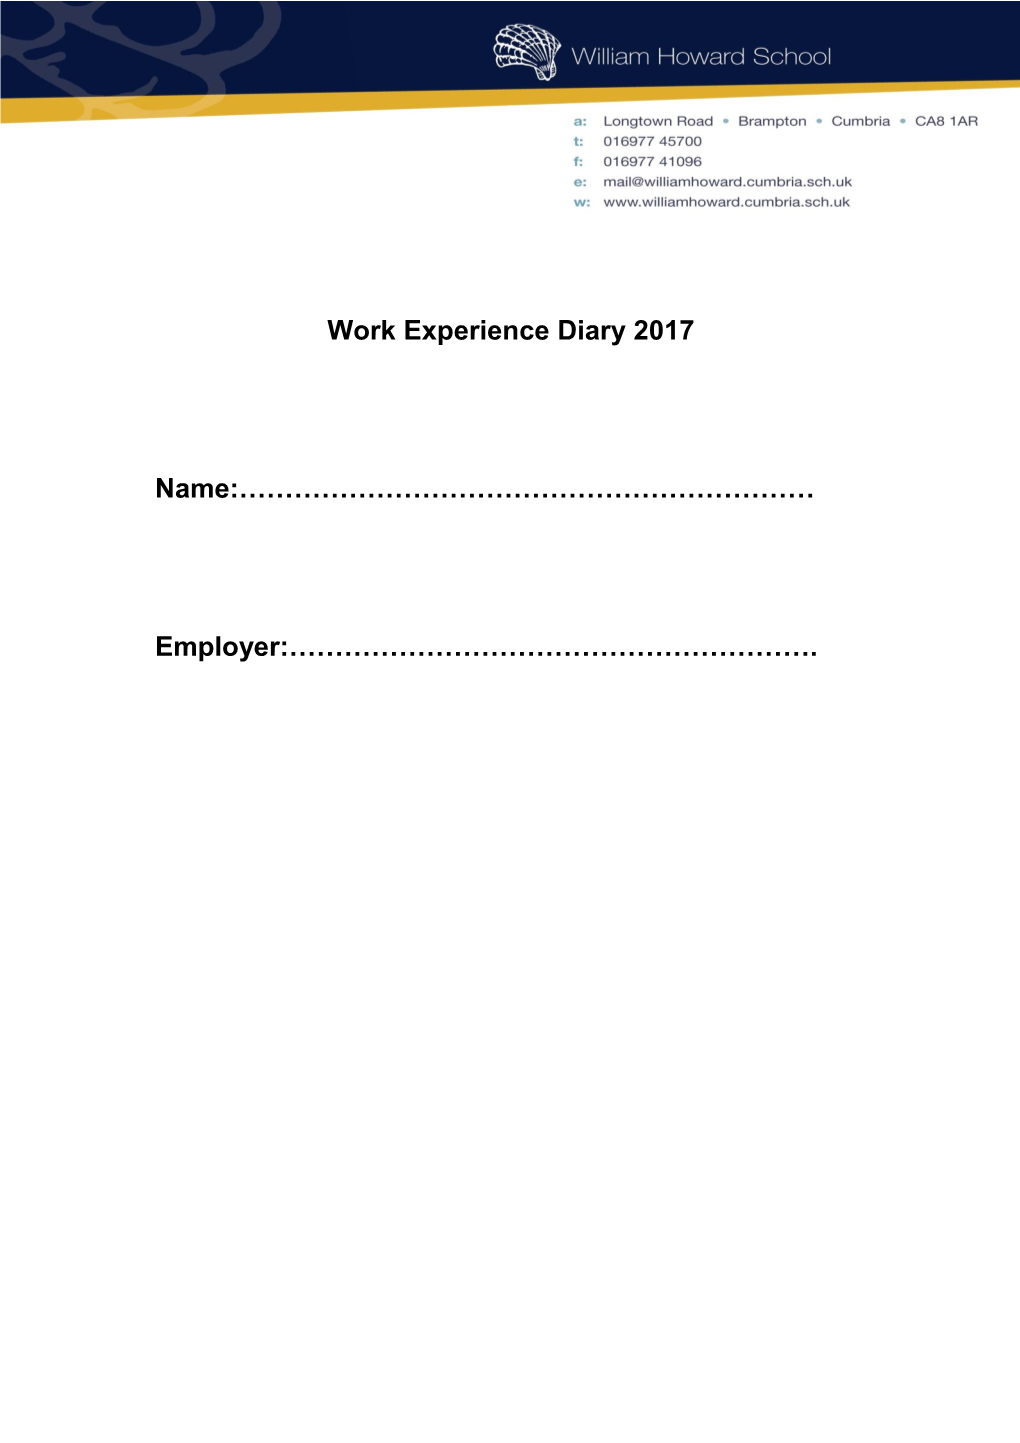 Work Experience Diary 2017
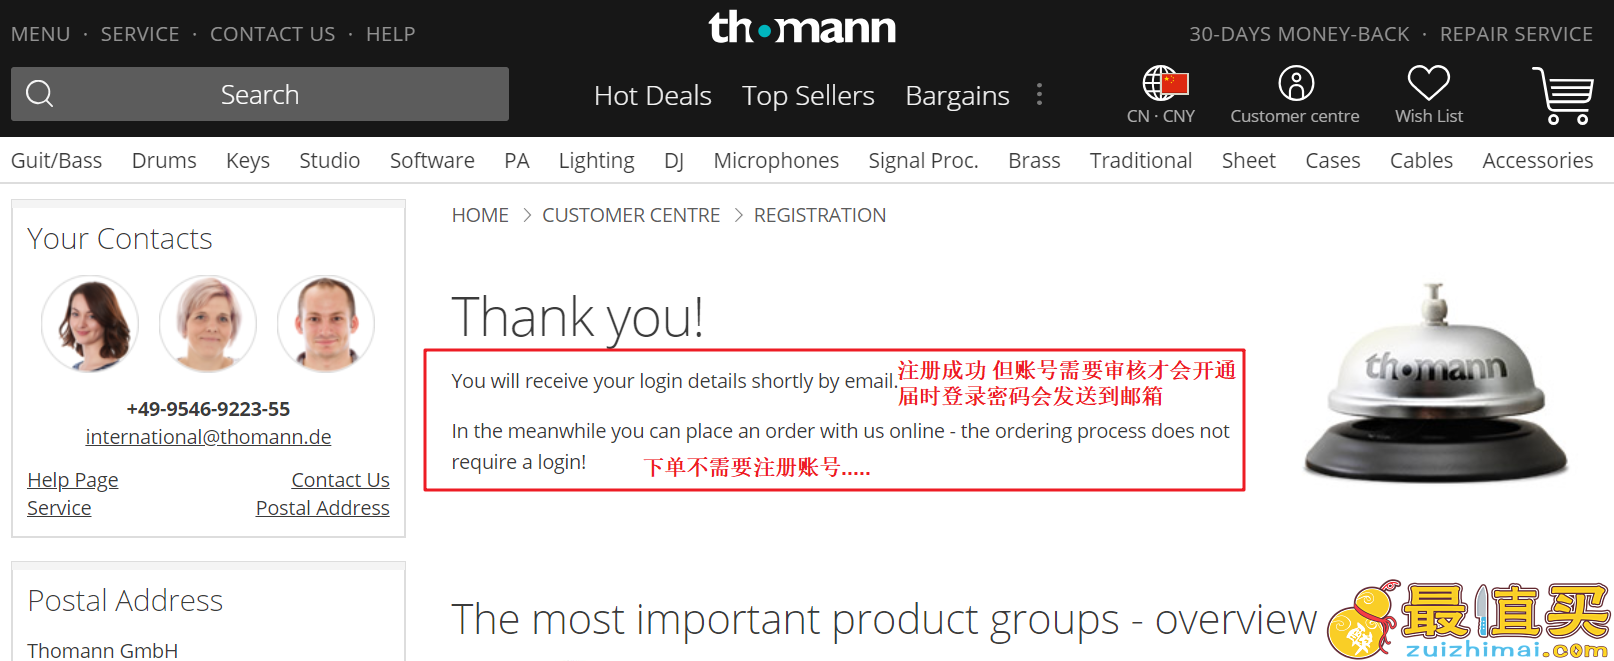 thomann官网-欧洲最大的乐器电商thomann 支持直邮中国 海淘真力音箱 吉他 琴-图片3
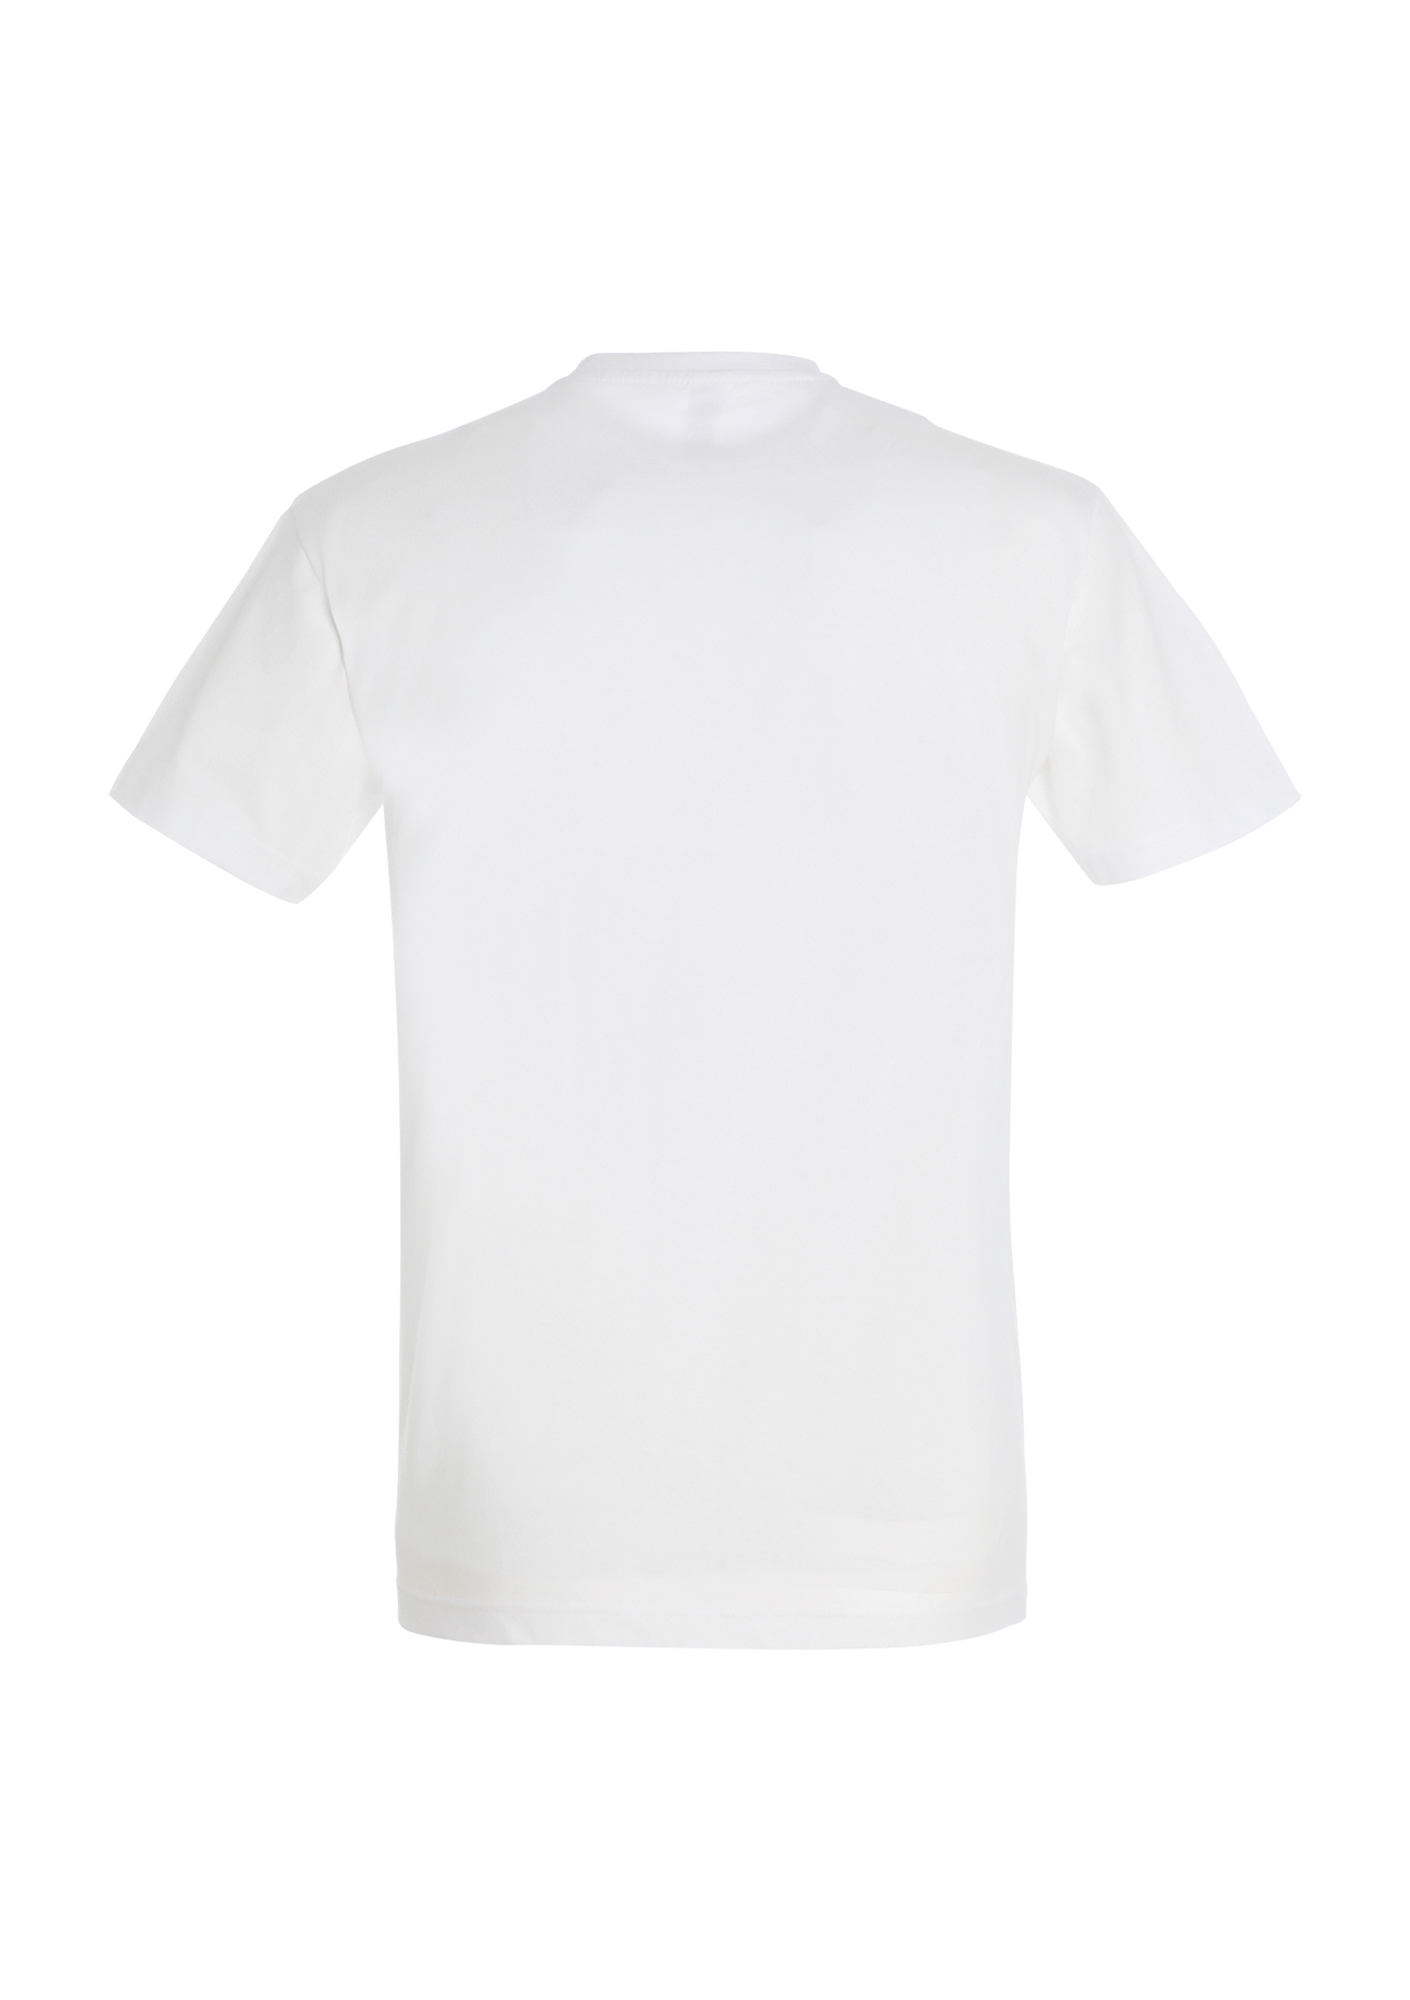 T-shirt Homme premium "100 et Or" Blanc - pn11500102B_1
####################
» Task directions
Could you restate the material word for word, omitting the pictures?

» Problem solution
 Work Experience Diary 2017
 thomann官网-欧洲最大的乐器电商thomann 支持直邮中国 海淘真力音箱 吉他 琴-图片3
 T-shirt Homme premium "100 et Or" Blanc - pn11500102B_1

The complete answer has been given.